— Problem details —
Your output should be the complete listing, word for word, with no pictures in it.

— Data shown —

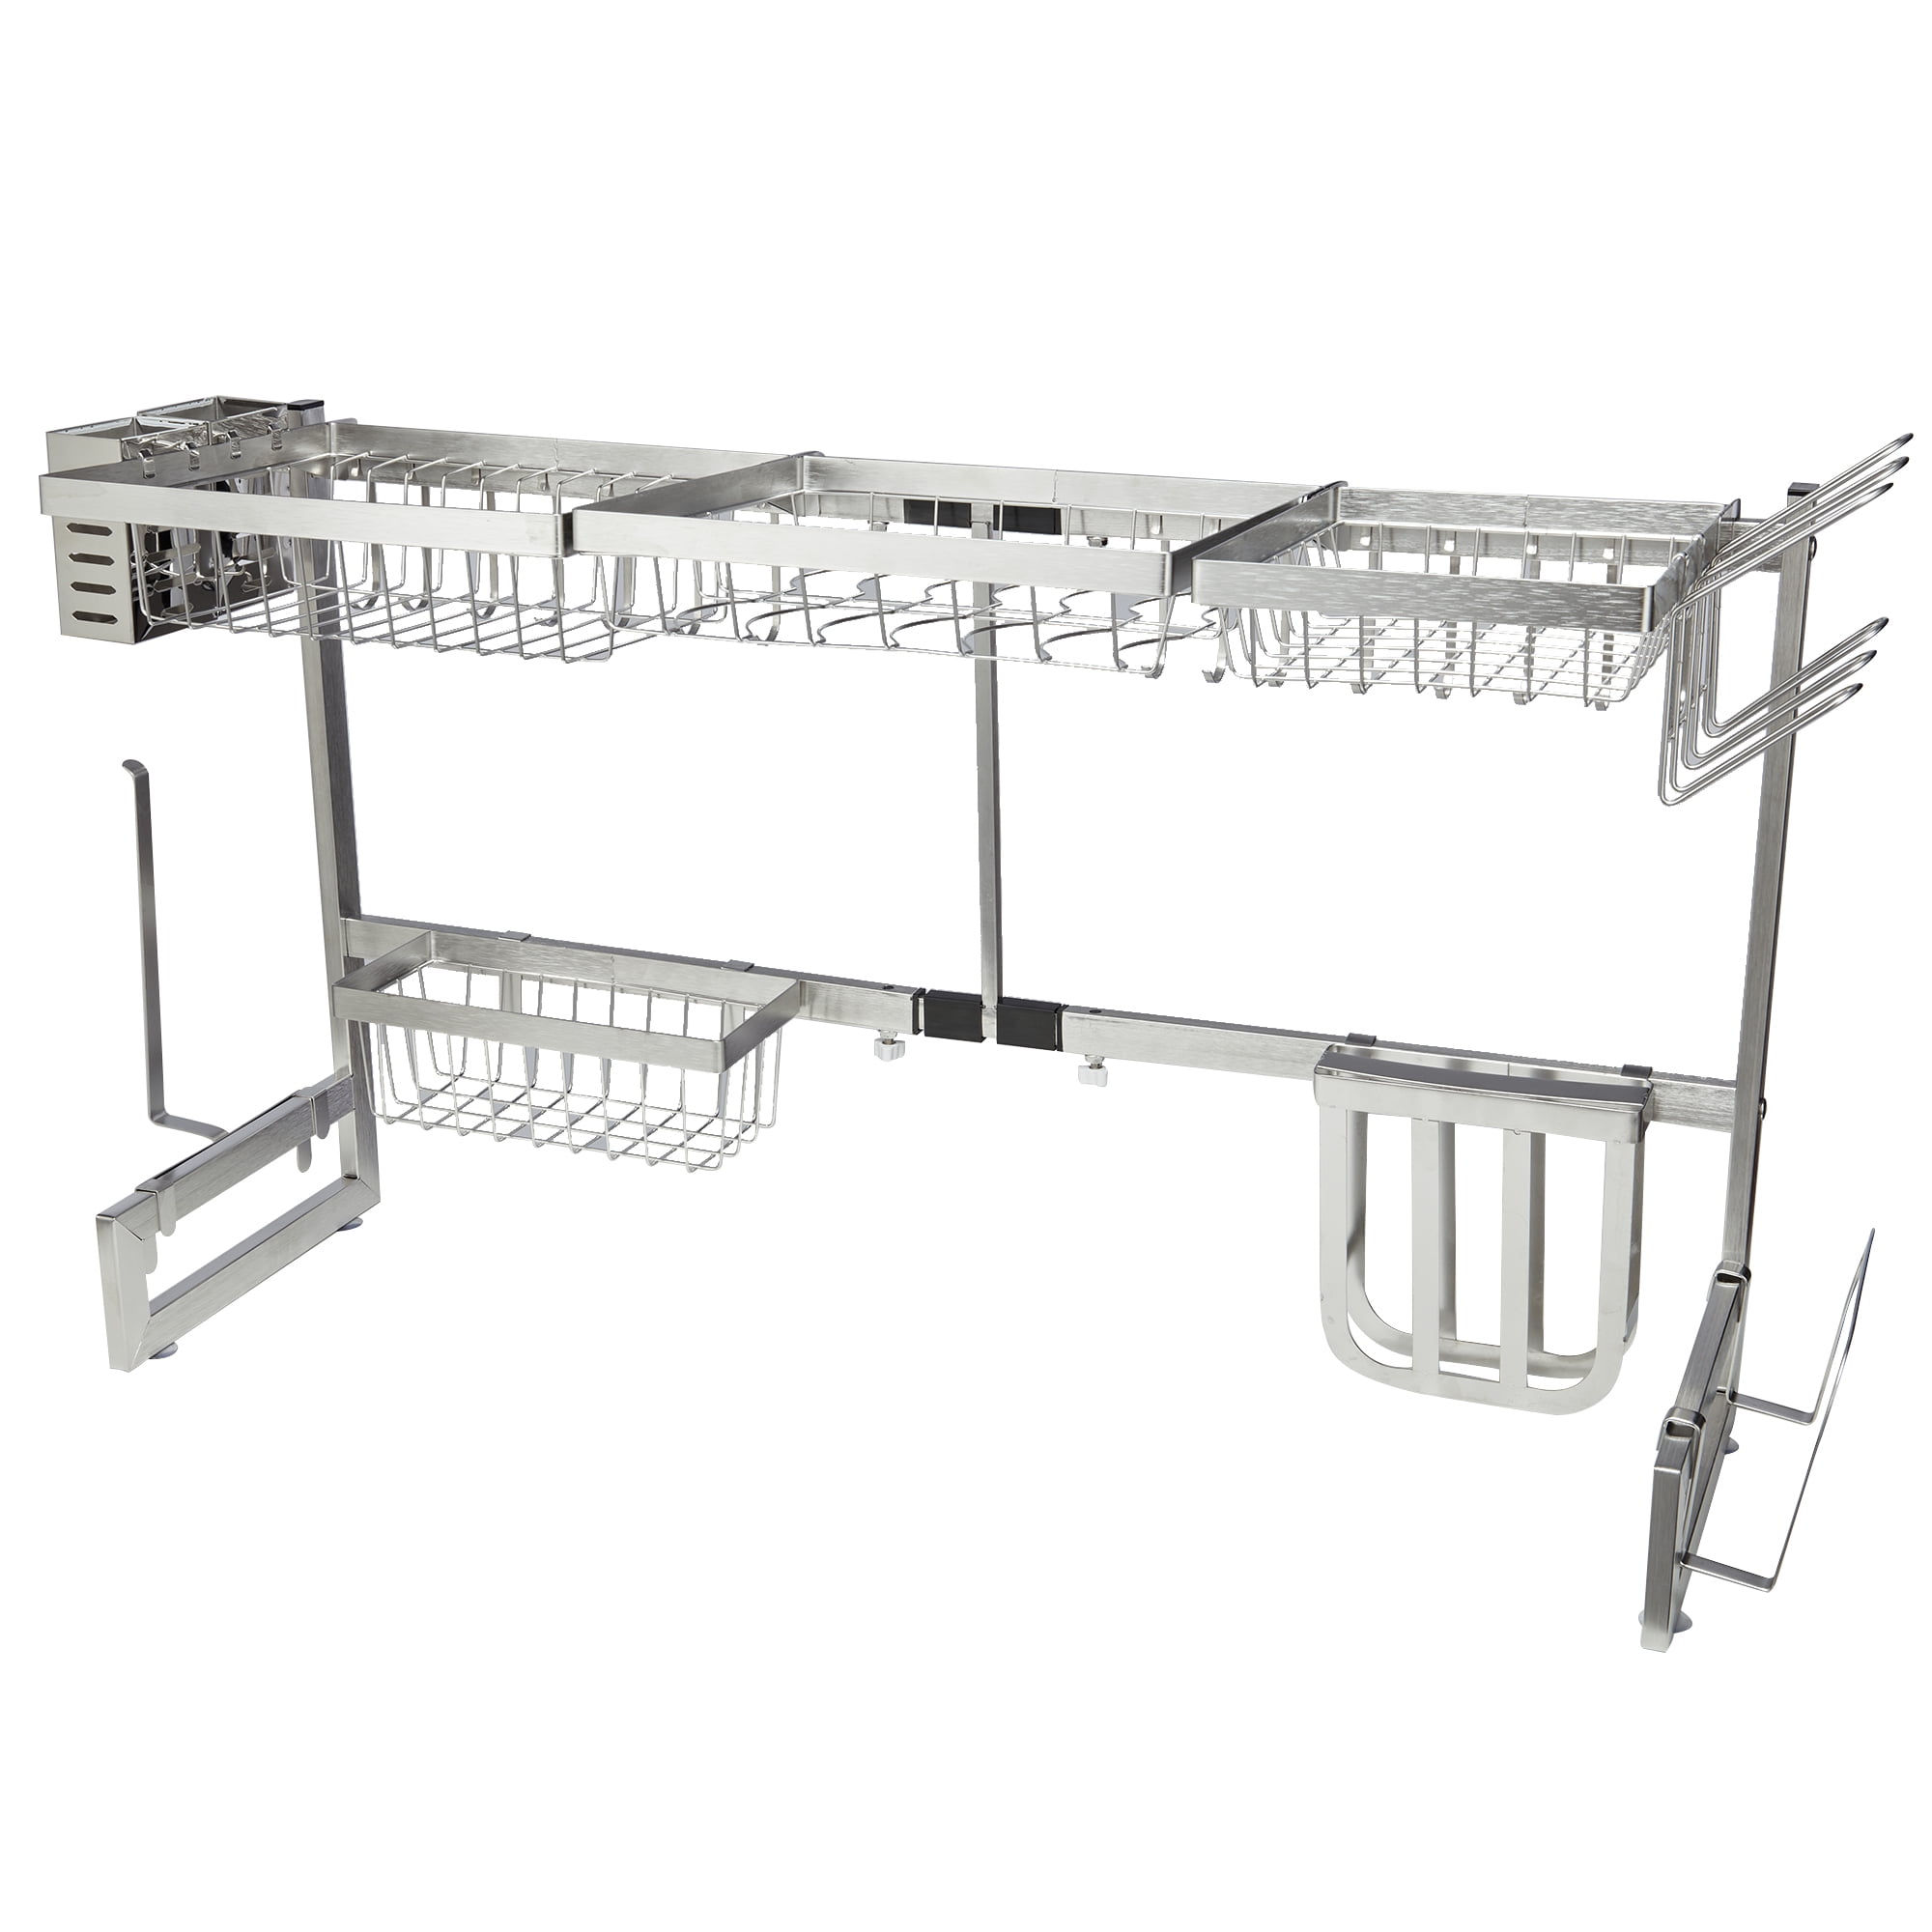 ULG Over The Sink Drying Rack, 2 Tier Length Adjustable (24.4-37) St
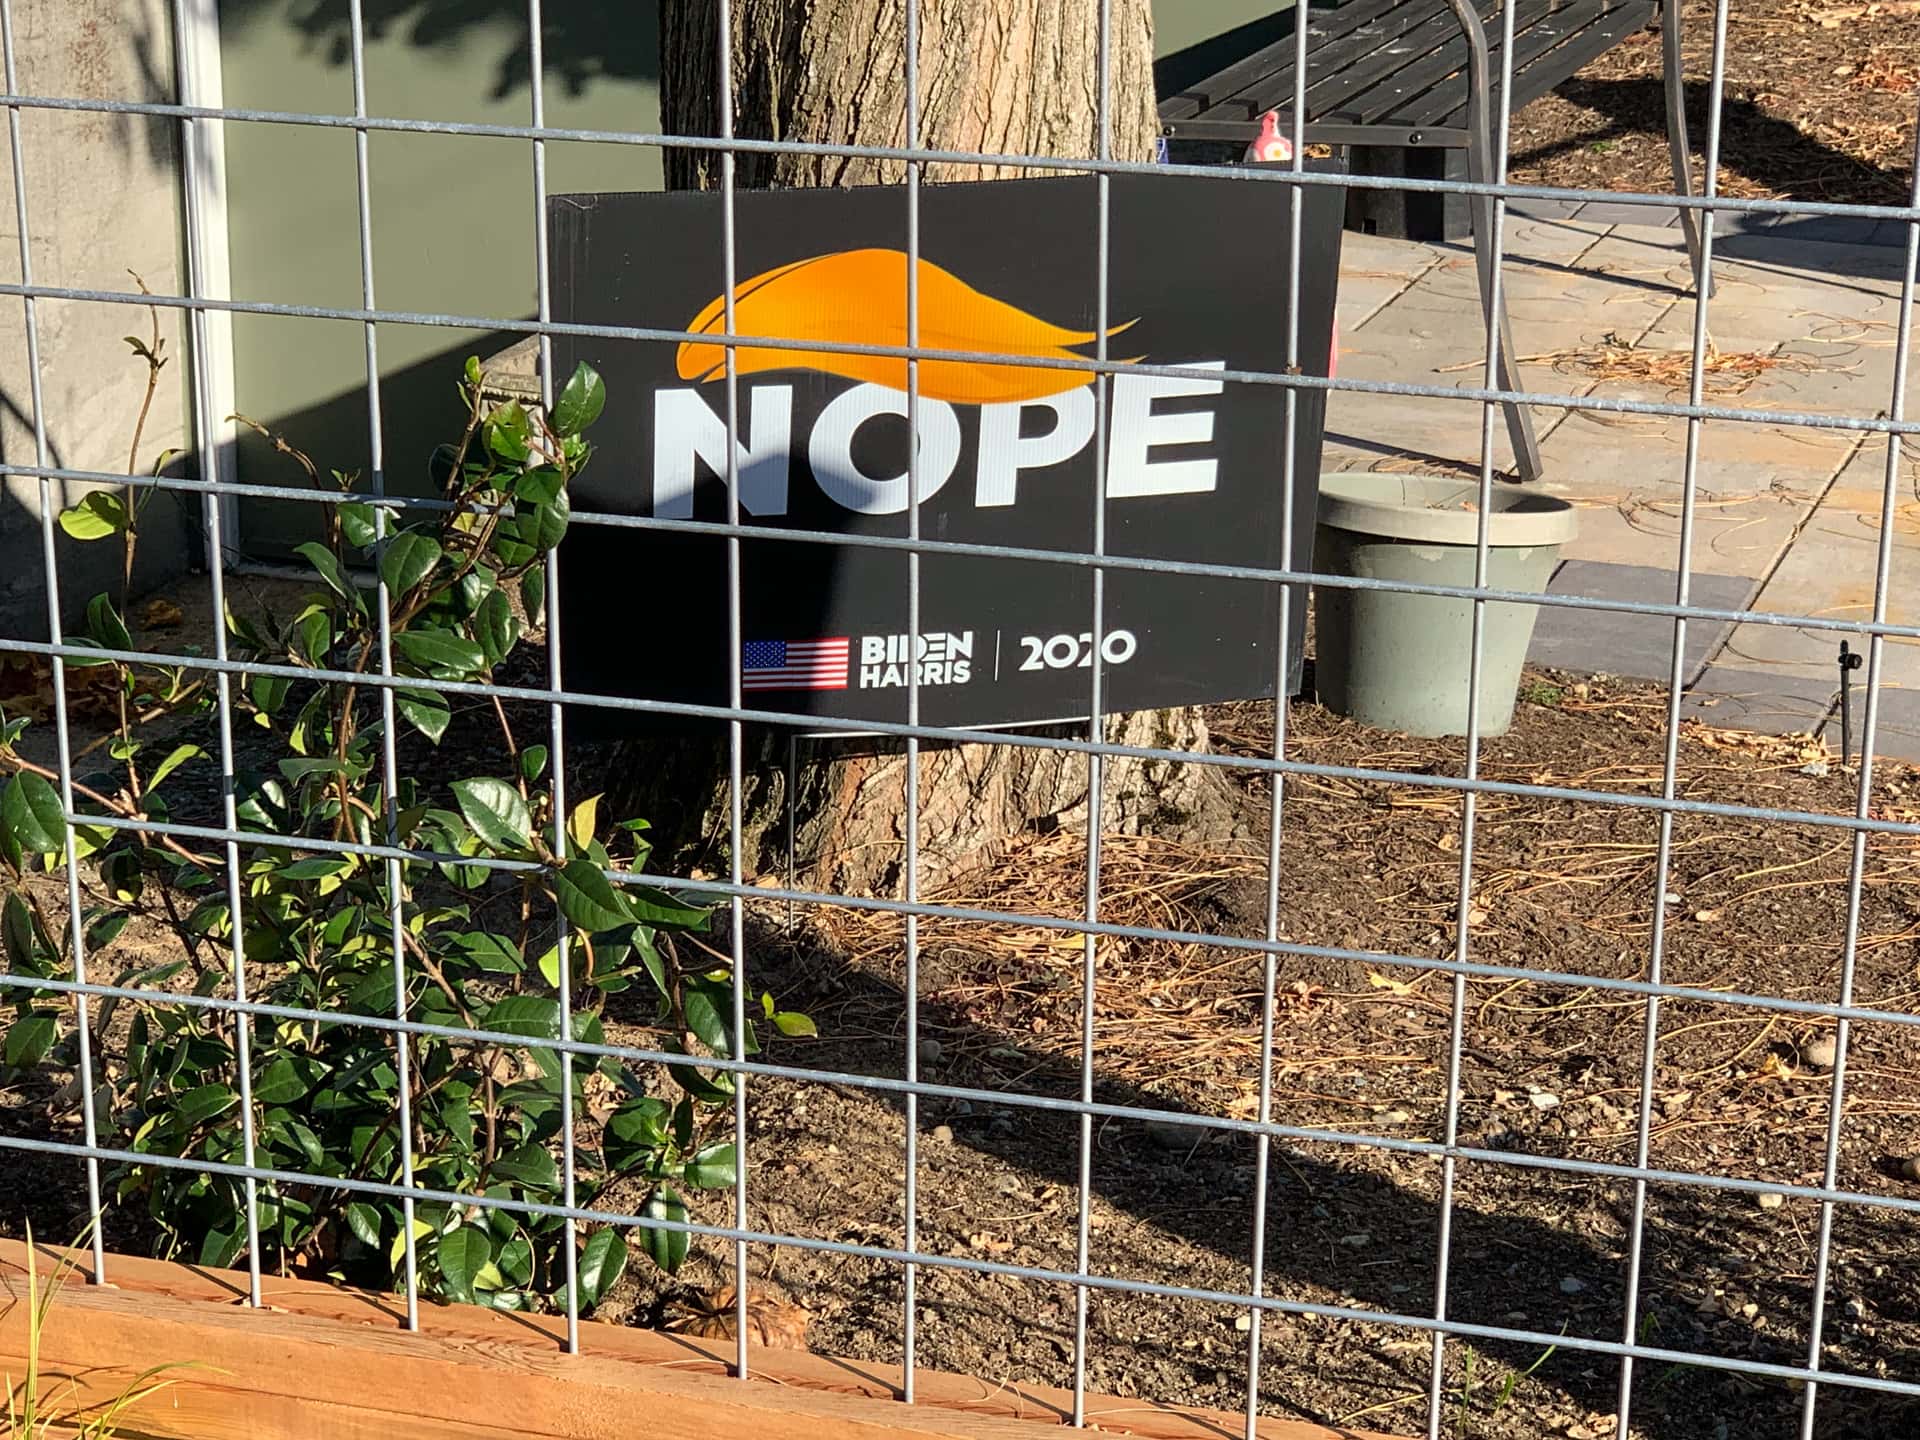 the word “NOPE” adorned with a caricature of Donald Trump’s hair on a yard sign
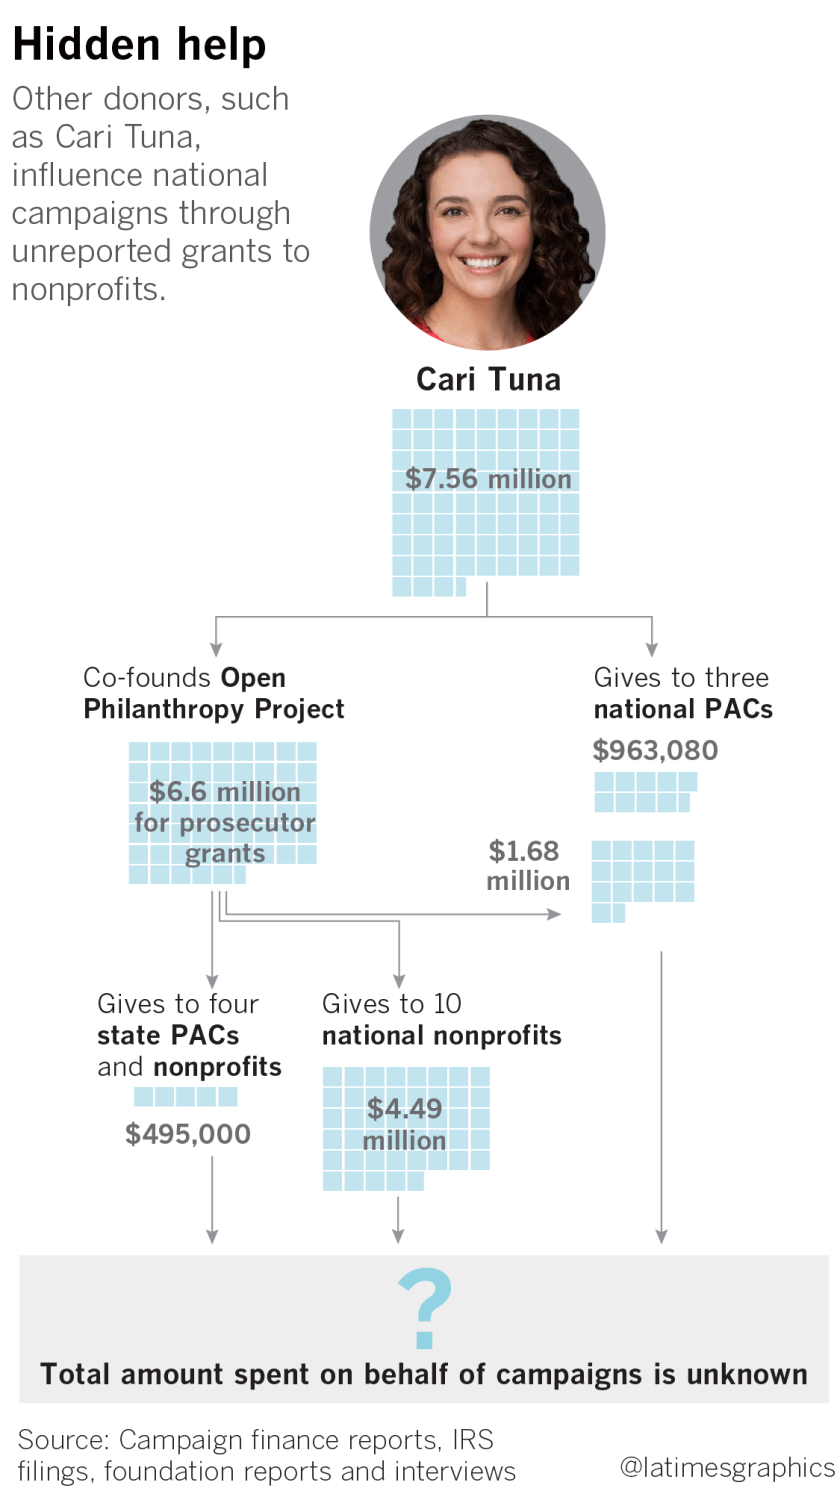 Other donors, such as Cari Tuna, influence national campaigns through unreported grants to nonprofits.

— Solved problem —
 ULG Over The Sink Drying Rack, 2 Tier Length Adjustable (24.4-37) St
 the word “NOPE” adorned with a caricature of Donald Trump’s hair on a yard sign
 Other donors, such as Cari Tuna, influence national campaigns through unreported grants to nonprofits.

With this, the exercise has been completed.